Специальный докладчик ООН по вопросам пыток Элис Джилл Эдвардс 10 сентября в интервью изданию The New York Times рассказала, что считает пытки частью государственной политики России. По ее словам, российские силовые структуры и военные используют в Украине пытки как системную практику по отношению к мирному населению на оккупированных территориях, а также к украинским военным, оказавшимся в плену. Как заявила Эдвардс, речь идет о действиях, одобряемых руководством России: "Пытки организованы так, что являются частью государственной политики устрашения и наказания с целью получить информацию или признание". Представитель ООН рассказала, что несколько раз обращалась к российским властям, чтобы они обратили внимание на случаи насилия со стороны силовых ведомств и военных, однако ответа она не получила.

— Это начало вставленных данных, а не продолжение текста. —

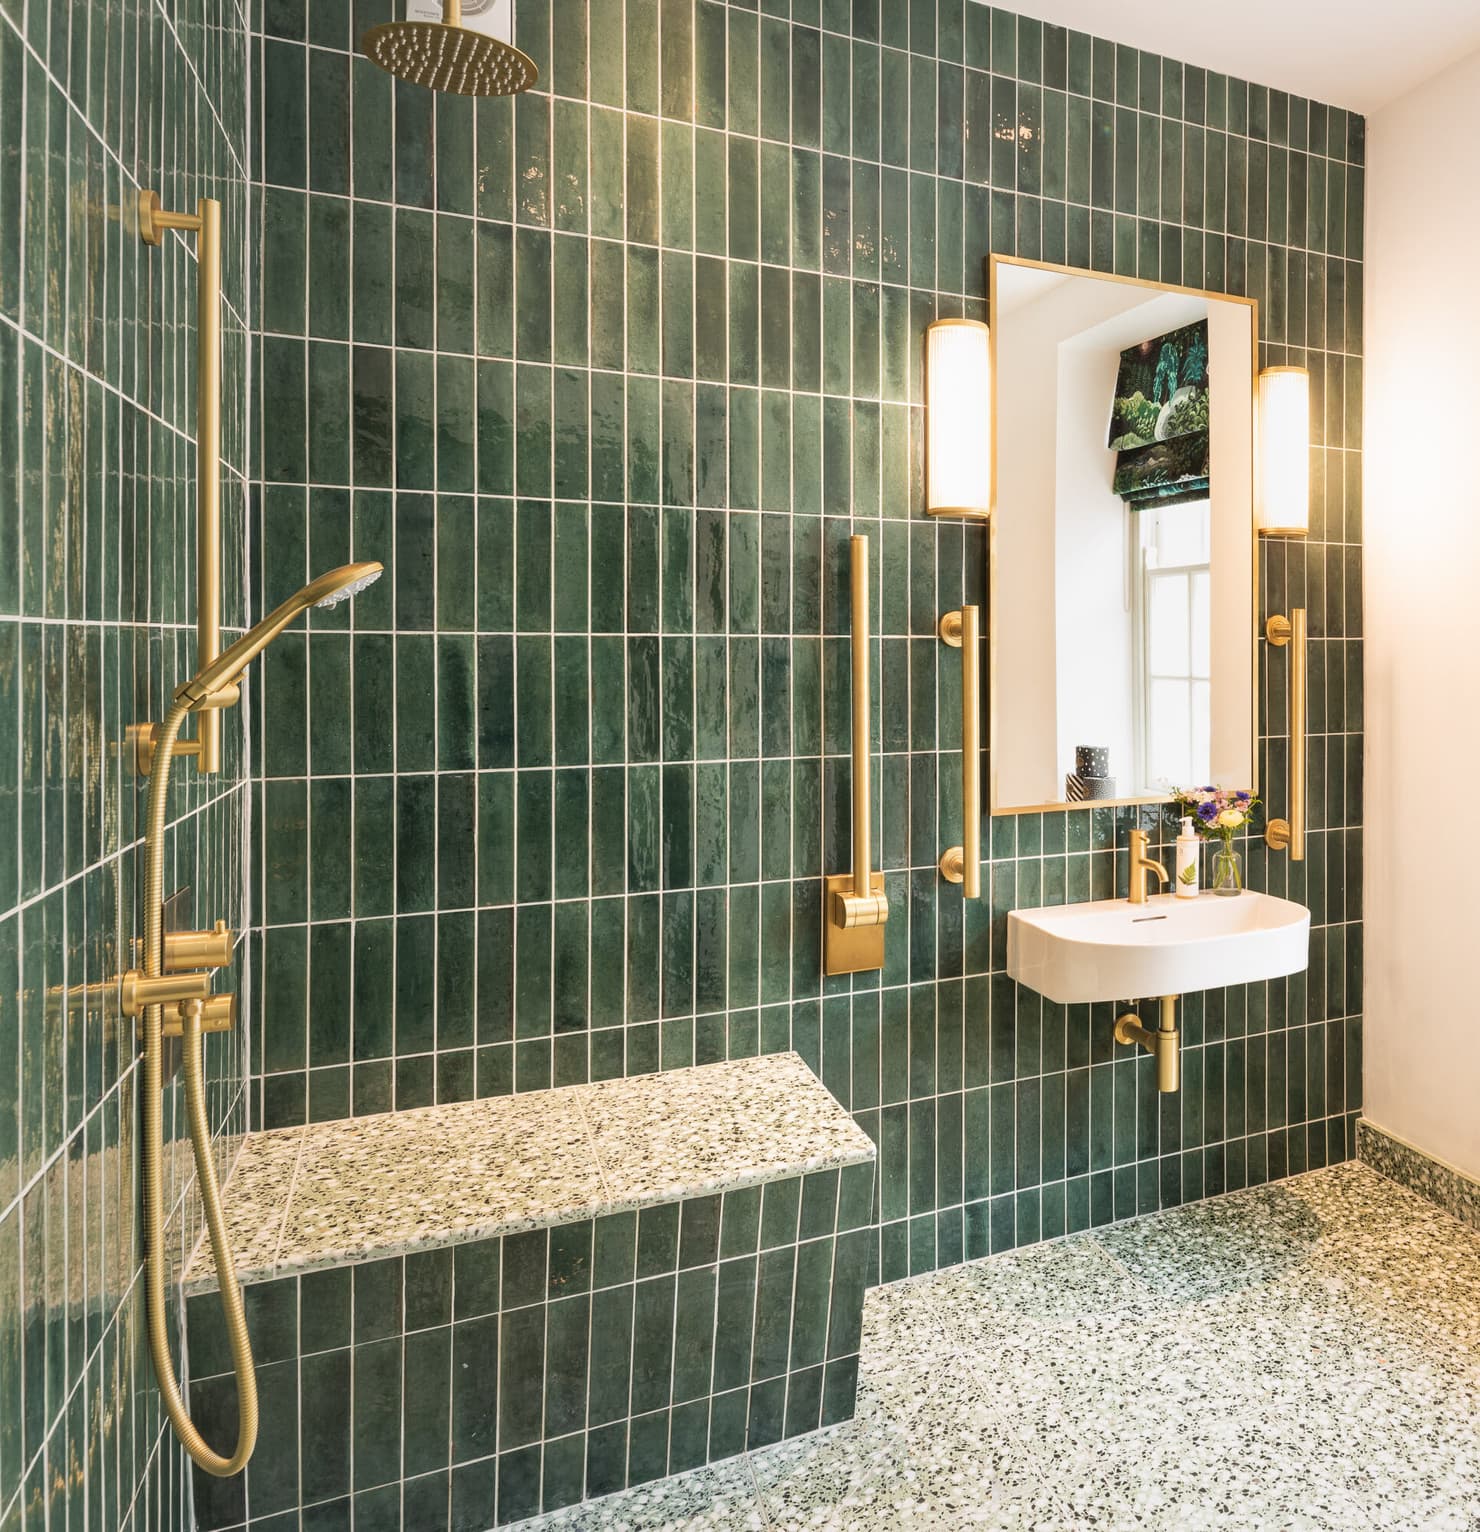 How to make a green statement in your bathroom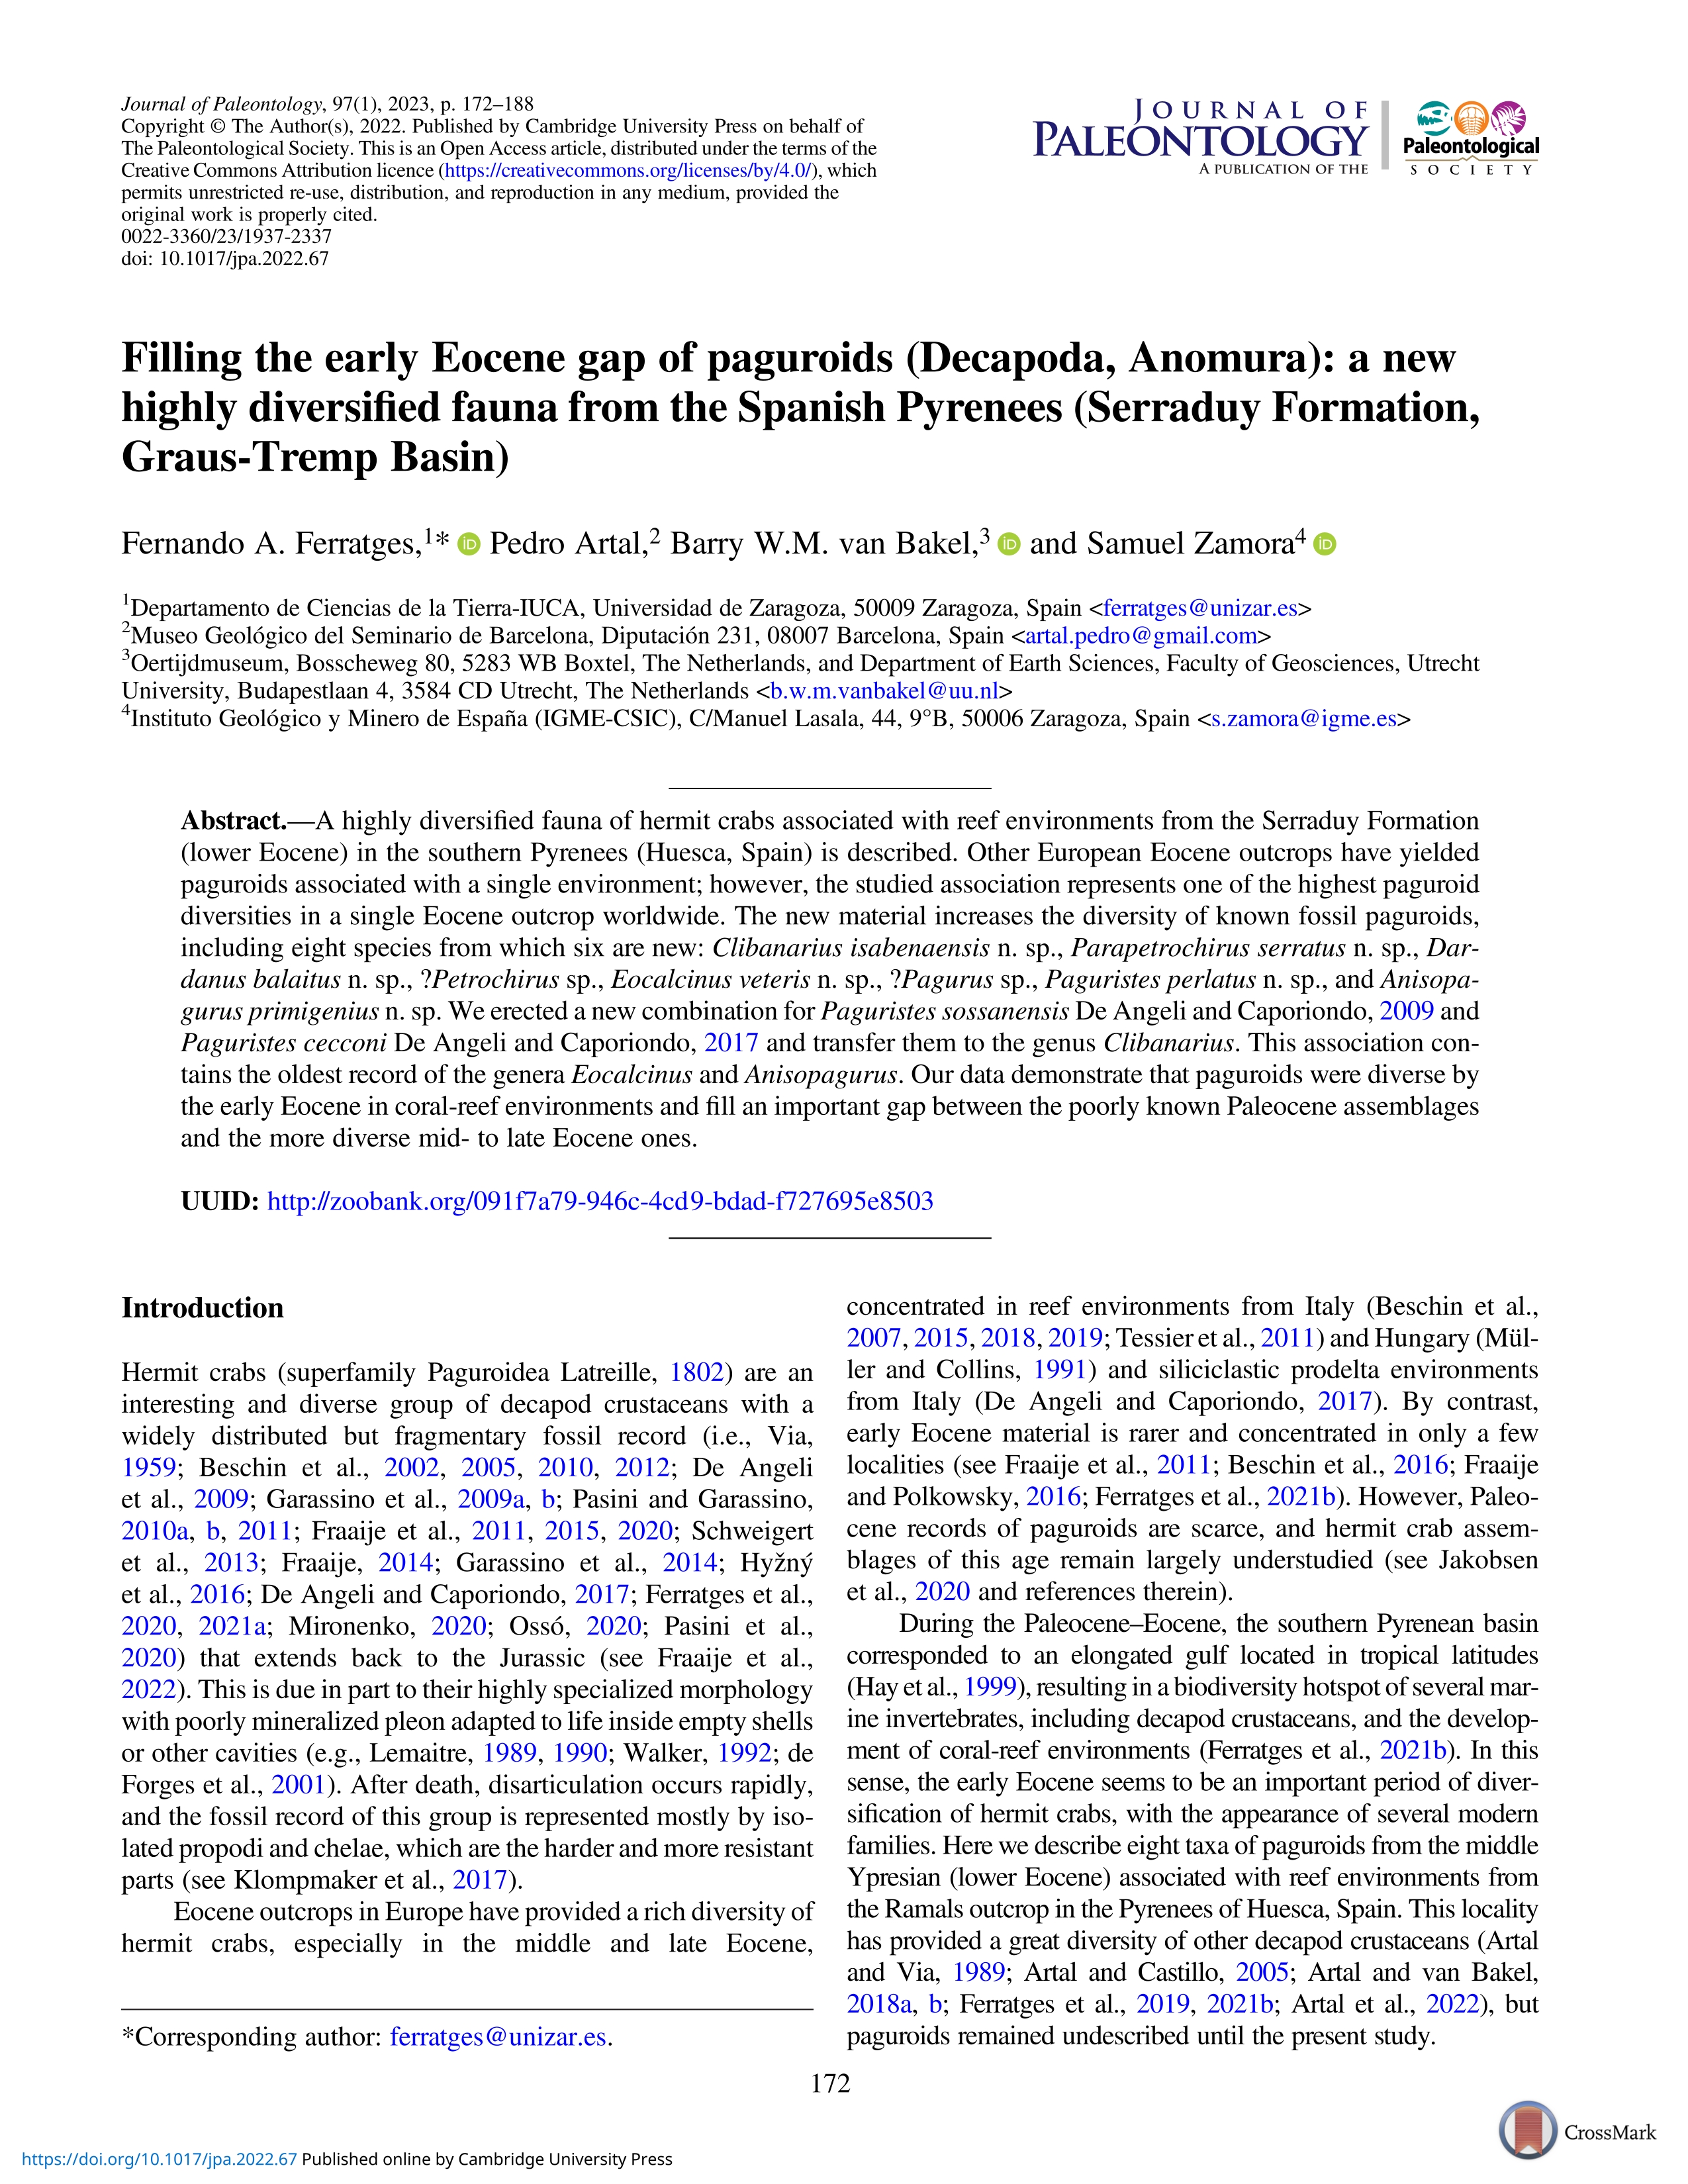 Filling the early Eocene gap of paguroids (Decapoda, Anomura): a new highly diversified fauna from the Spanish Pyrenees (Serraduy Formation, Graus-Tremp Basin)

По ее мнению, отсутствие реакции Москвы равнозначно молчаливому одобрению насилия и пыток.
"Команда против пыток" в августе отметила свое 23-летие, и в августе же Минюст внес эту организацию в список "иностранных агентов". Ранее подобный статус был присвоен ликвидированному "Комитету против пыток". "Команда против пыток" защищает права тех, кто стал жертвой насилия в местах заключения, а также старается наказать посредством суда виновных в них сотрудников силовых структур. Несмотря на начавшееся преследование, организация продолжает работать в России. Сейчас она обращает внимание на ситуацию, связанную с продолжающейся войной. В разговоре с «Радио Свобода»руководитель "Команды" Сергей Бабинец сказал, что опасается новой волны насилия по отношению к гражданам России после того, как с фронта в мирную жизнь будут возвращаться все больше и больше участников боевых действий.
– Мы неоднократно становились свидетелями того, как различного рода войны сказываются на последующей мирной жизни населения, – рассказывает Сергей Бабинец. – У нас есть перед глазами живой пример – это первая и вторая чеченские кампании, когда реабилитацией военнослужащих занимались только правозащитные организации, например Союз комитетов солдатских матерей России, а государство не обращало внимания на эту проблему. К мирной жизни возвращалось огромное количество людей как минимум с посттравматическим расстройством, а как максимум с физическими травмами. Некоторые имели такие сильные ментальные нарушения, что, естественно, невозможно было вернуться просто так в мирную жизнь, невозможно было продолжать существовать так, как ты существовал до участия в боевых действиях. И огромное количество сотрудников правоохранительных органов, которые во время КТО (контртеррористическая операция – официальное название, которое дали войне в Чечне российские власти. – Прим. РС) отправлялись в длительные командировки в Чеченскую республику, потом возвращались и начинали применять в своих родных регионах то, чему они там научились, в том числе методы пыток. Это и Нижегородская область, и Ханты-Мансийск, и Оренбург, и много-много других регионов. После войны в Чечне был очень большой всплеск, огромное количество жалоб на пытки. Многих заявителей объединяло то, что те люди, которые их пытали, бахвалились тем, что "да я вот Чечню прошел, да я вот то-то и то-то видел, а вы тут все плохие", и так далее.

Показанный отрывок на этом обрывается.